The AUDCAD pair is currently in a bearish trend, and it is currently trading near the top of its range. The current spot rate is 0.8919, and a sell entry point of 0.8919 is just below the recent high of 0.8939.
The pair is also trading below its 200-day moving average, which is a bearish signal. The pair is also forming a descending triangle pattern, which is a continuation pattern that typically leads to a breakout to the downside.
Fundamental analysis:
The Australian dollar is generally seen as a commodity currency, and it has been weakening against the Canadian dollar as concerns about the global economy have grown.
Second, the Reserve Bank of Australia (RBA) is expected to raise interest rates more slowly than the Bank of Canada (BoC), which could put downward pressure on the AUD against the CAD.
Finally, the Australian economy is expected to grow more slowly than the Canadian economy in the near term.
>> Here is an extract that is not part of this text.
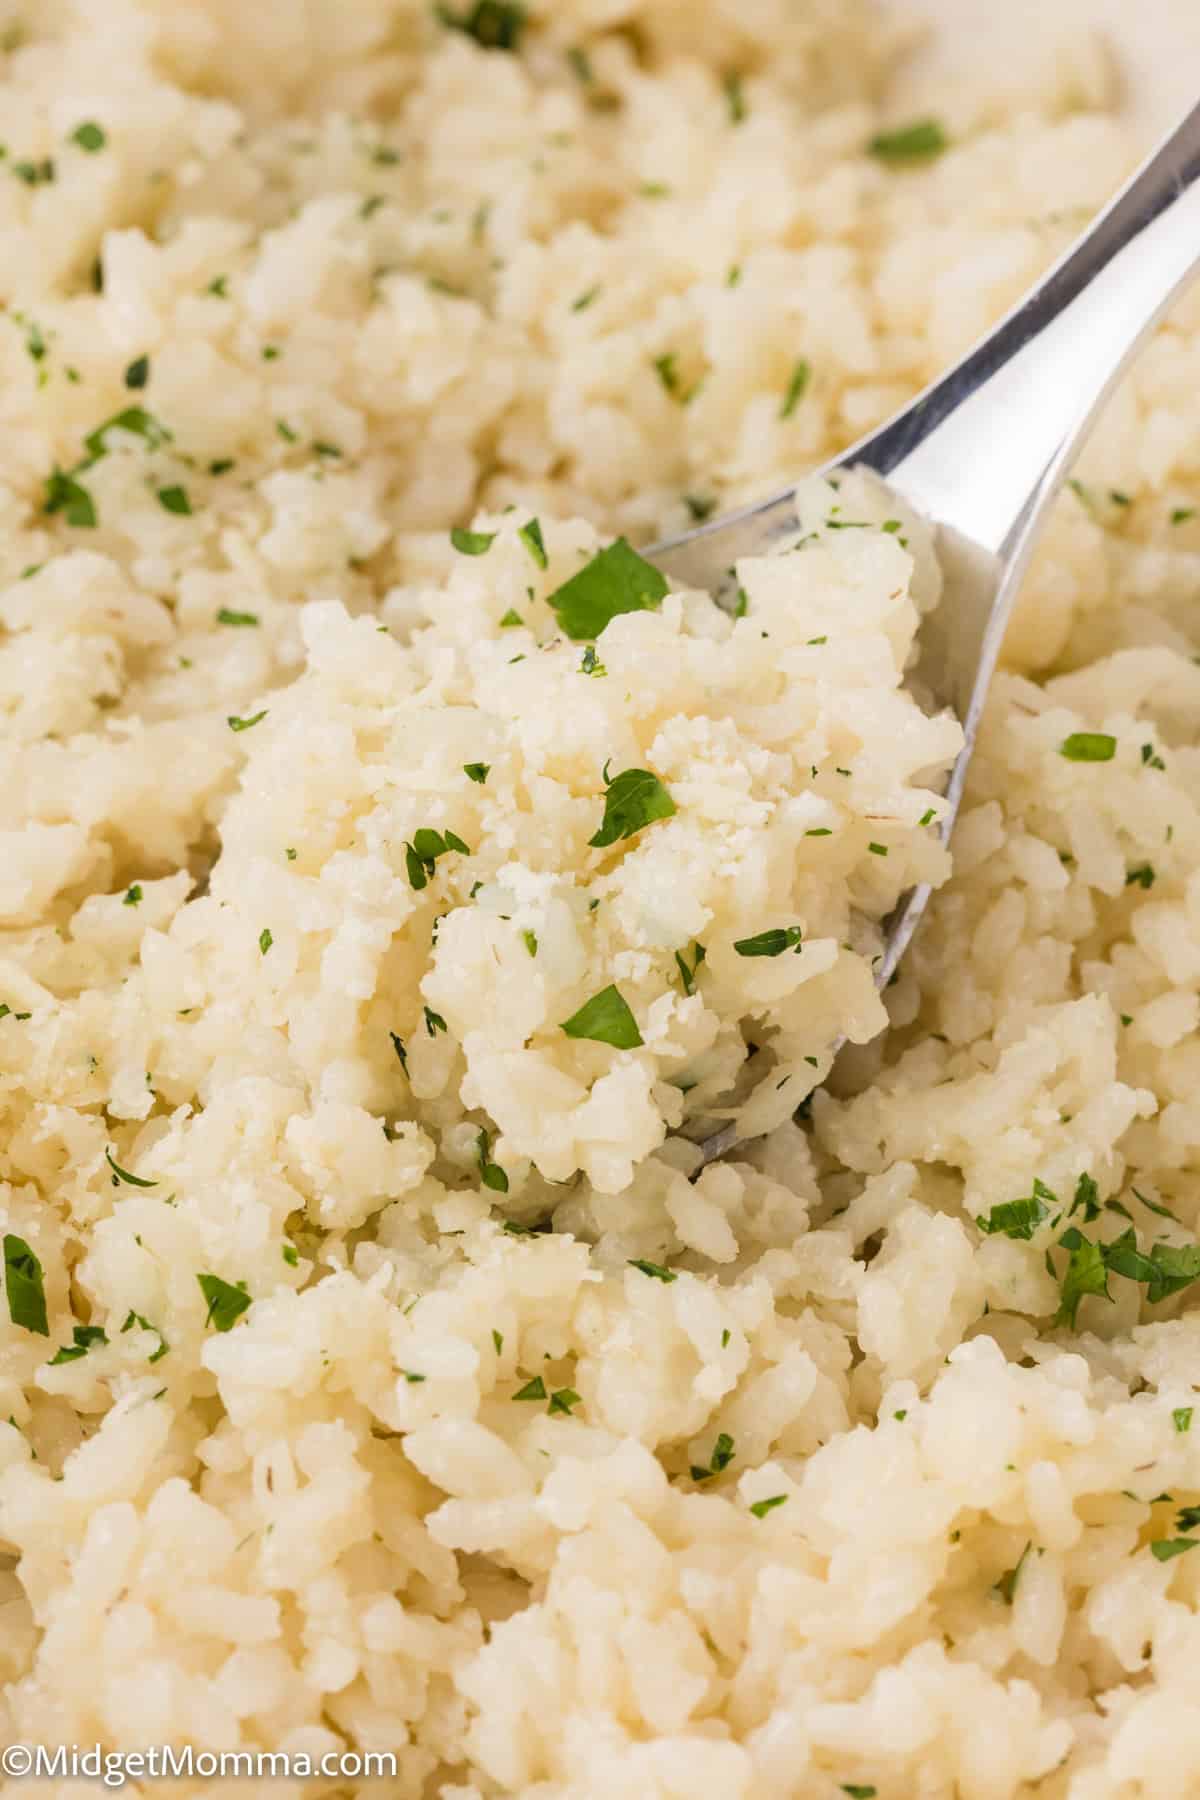 A close-up image of parmesan garlic rice garnished with chopped parsley, with a fork partially in it.

This is due to a number of factors, including the ongoing trade tensions with China.
Risks:
There are a few risks to consider before entering a trade on AUDCAD. First, the global economy is still facing some headwinds, such as the war in Ukraine. These headwinds could weigh on risk appetite and lead to a rise in AUDCAD.
Second, the BoC is also expected to raise interest rates, which could put upward pressure on the Canadian dollar.
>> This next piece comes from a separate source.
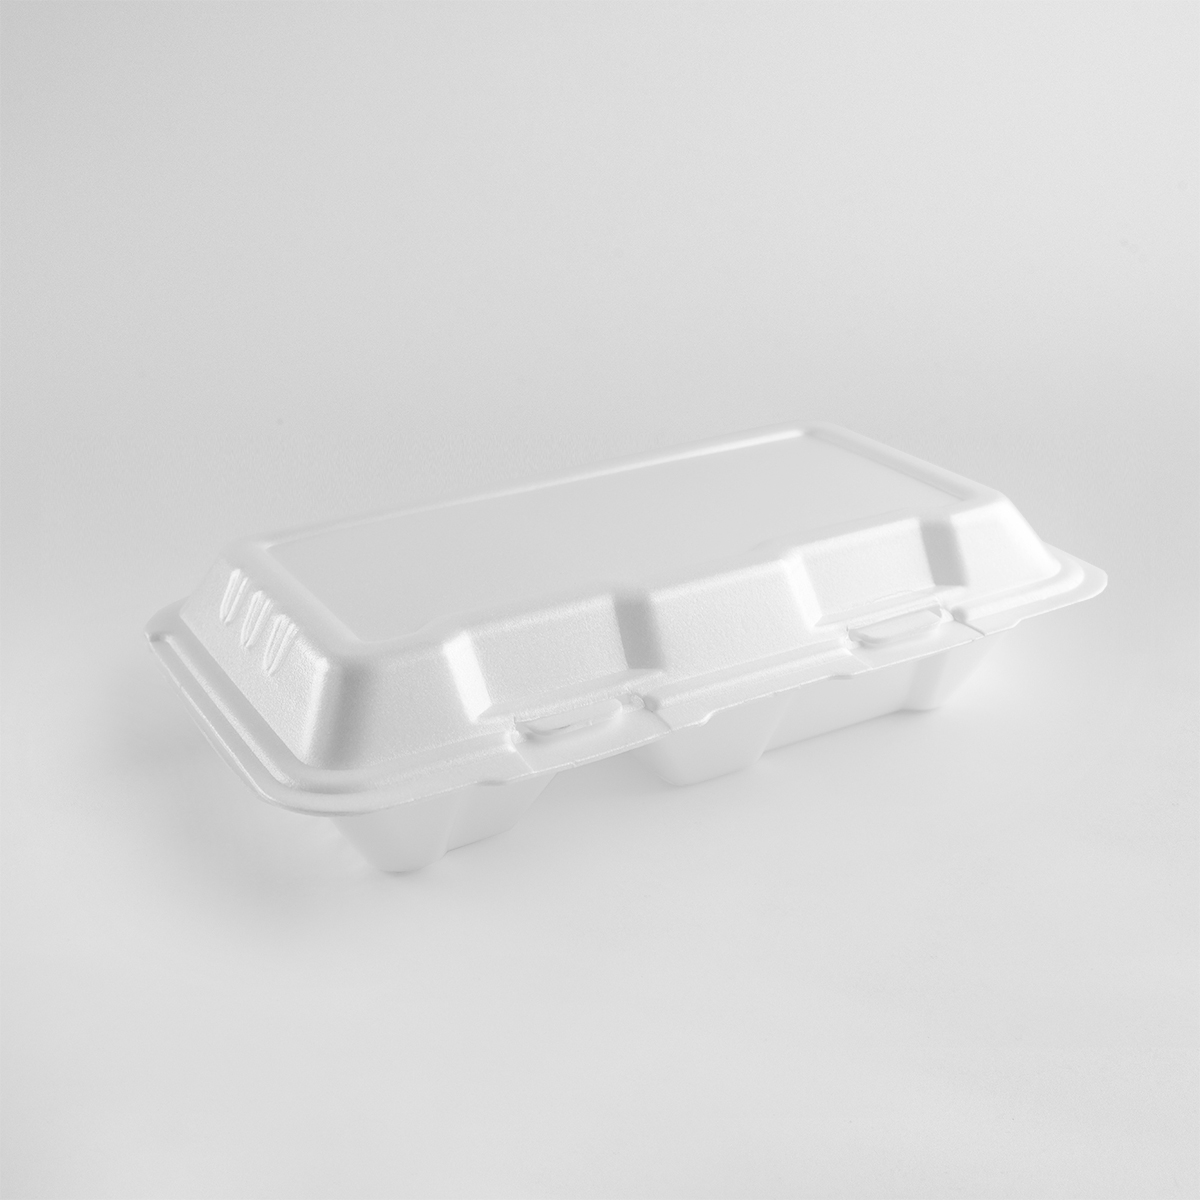 Lunch box (2 places) (200 pieces)

Finally, the Chinese economy is expected to weaken in the near term due to the ongoing trade tensions with the US. This could put upward pressure on the CAD against the AUD.
Here are some additional factors that you may want to consider before entering a trade on AUDCAD:
The economic outlook for Australia and Canada. The level of volatility in the forex market. The price of commodities, such as iron ore and coal.